Petani terjepit pasar bebas - dimana peran negara

 *Saatnya Negara Menjamin Perdagangan Adil*



Petani kecil tidak memiliki posisi tawar terhadap perusahaan besar. Dalam banyak kasus, perusahaan besar dapat memaksakan kekuatannya untuk memeras mitra kecil—dalam arti yang sebenar-benarnya. Kontrak dibuat sepihak, harga ditentukan tanpa ruang negosiasi, dan risiko sepenuhnya ditanggung oleh petani. Ini bukan kemitraan. Ini ketimpangan yang dilembagakan.

Fair trade hadir sebagai harapan untuk mengubah relasi dagang yang timpang menjadi lebih setara. Tapi harapan itu tidak akan menjadi kenyataan jika negara hanya diam.

 Perdagangan yang adil bukan sekadar soal harga tinggi, melainkan soal struktur yang menjamin keadilan. Dan struktur itu harus dibangun dan dijaga oleh negara.

Pemerintah perlu menetapkan standar isi kontrak yang adil dan transparan antara perusahaan besar dan mitra kecil. Kontrak harus bisa dinegosiasikan, mencerminkan kepentingan kedua belah pihak, dan tidak mematikan daya tawar petani. KPPU harus aktif menindak perusahaan yang menyalahgunakan posisi dominan dan menjalankan praktik kemitraan eksploitatif.

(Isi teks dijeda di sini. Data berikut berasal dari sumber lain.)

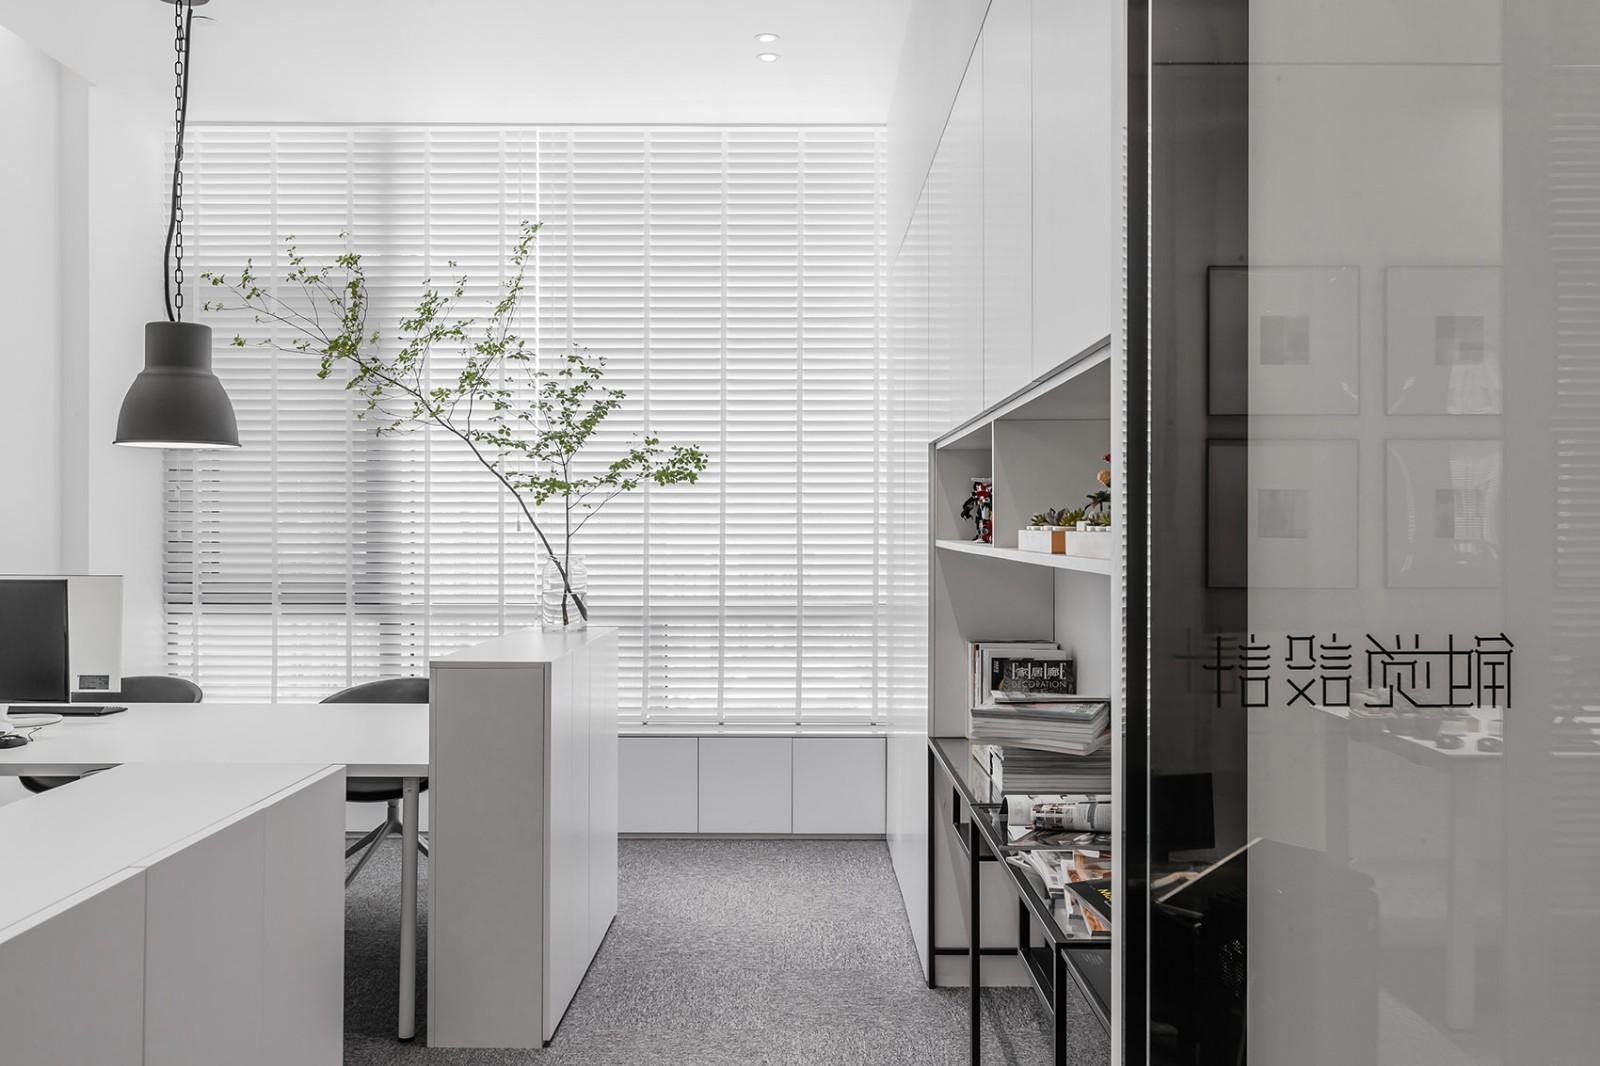 办公室设计,让极简不失调性|张勇、马鑫 - 6

Selain itu, negara bisa bermitra dengan lembaga-lembaga fair trade untuk mendorong sertifikasi lokal, memperkuat koperasi produksi, dan memberi insentif bagi perusahaan yang patuh pada prinsip perdagangan berkeadilan.

 Petani juga perlu dibekali pengetahuan tentang hak dagang, membaca kontrak, dan membentuk koperasi yang kuat. Pendampingan hukum dan teknis harus jadi bagian dari strategi pembangunan sektor pangan dan pertanian.

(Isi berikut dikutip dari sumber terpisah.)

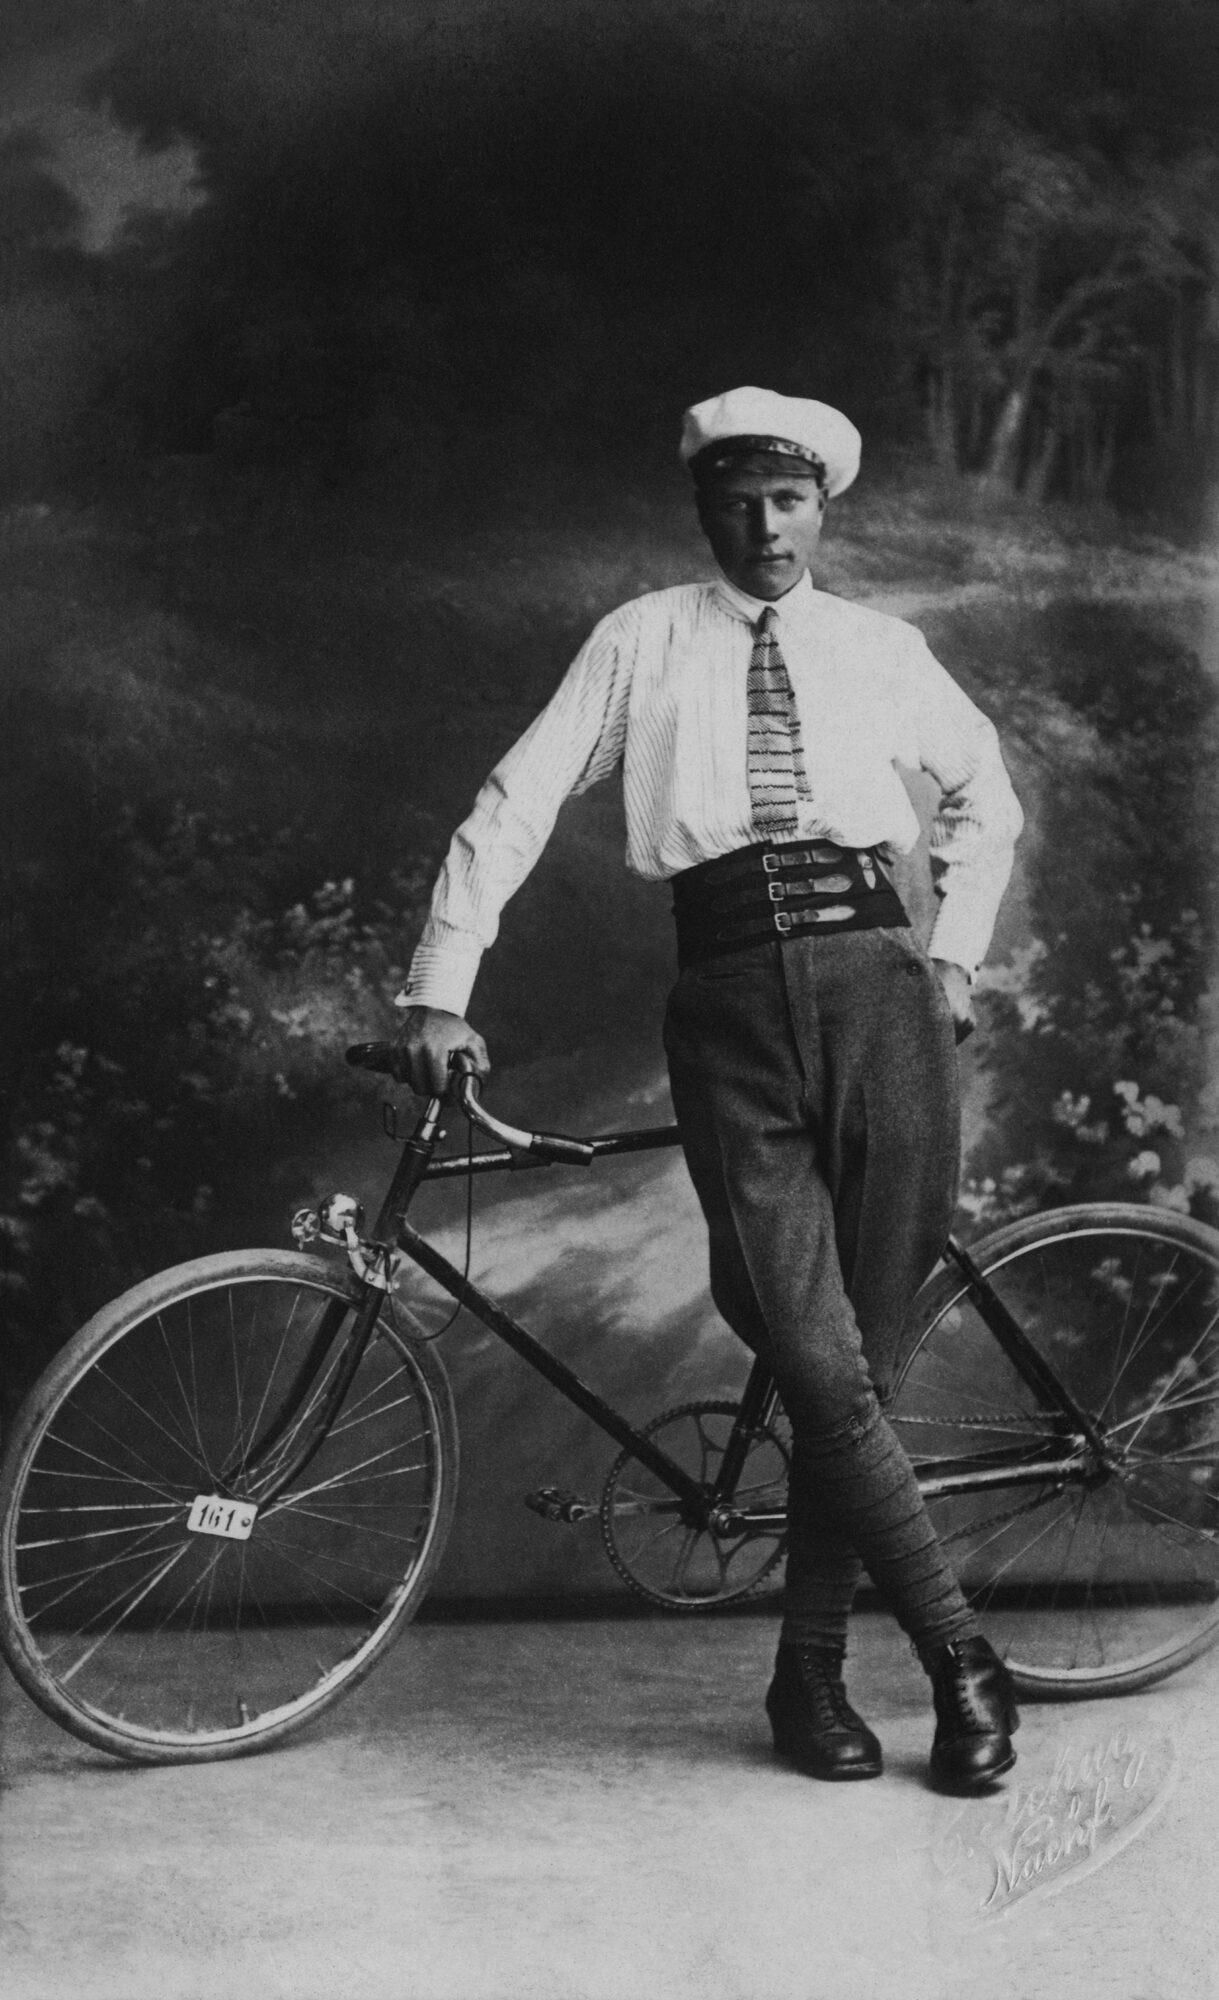 Liepājas muzejs iepazīstina ar velobraucēju modi 19. un 20. gadsimtā

Fair trade bukan sekadar label. Ia adalah sistem yang menuntut keberpihakan. Dan keberpihakan itu harus dimulai dari negara. Jika kopi bisa sukses dengan fair trade, komoditi lain pun bisa—asal ada keberanian politik untuk menjamin keadilan.

Fair trade  adalah sistem yang menuntut keberpihakan. Dan keberpihakan itu harus dimulai dari negara.

Selain regulasi dan pengawasan, pemerintah juga perlu mewajibkan perusahaan besar memiliki *kode etik (code of conduct)* yang mengikat secara internal. Kode etik ini harus mencakup prinsip transparansi kontrak, larangan eksploitasi mitra kecil, dan komitmen terhadap perdagangan yang adil. Tanpa etika yang tertanam dalam budaya perusahaan, regulasi akan mudah diakali.

Jika kopi bisa sukses dengan fair trade, komoditi lain pun bisa—asal ada keberanian politik untuk menjamin keadilan, dan kemauan perusahaan untuk tunduk pada etika.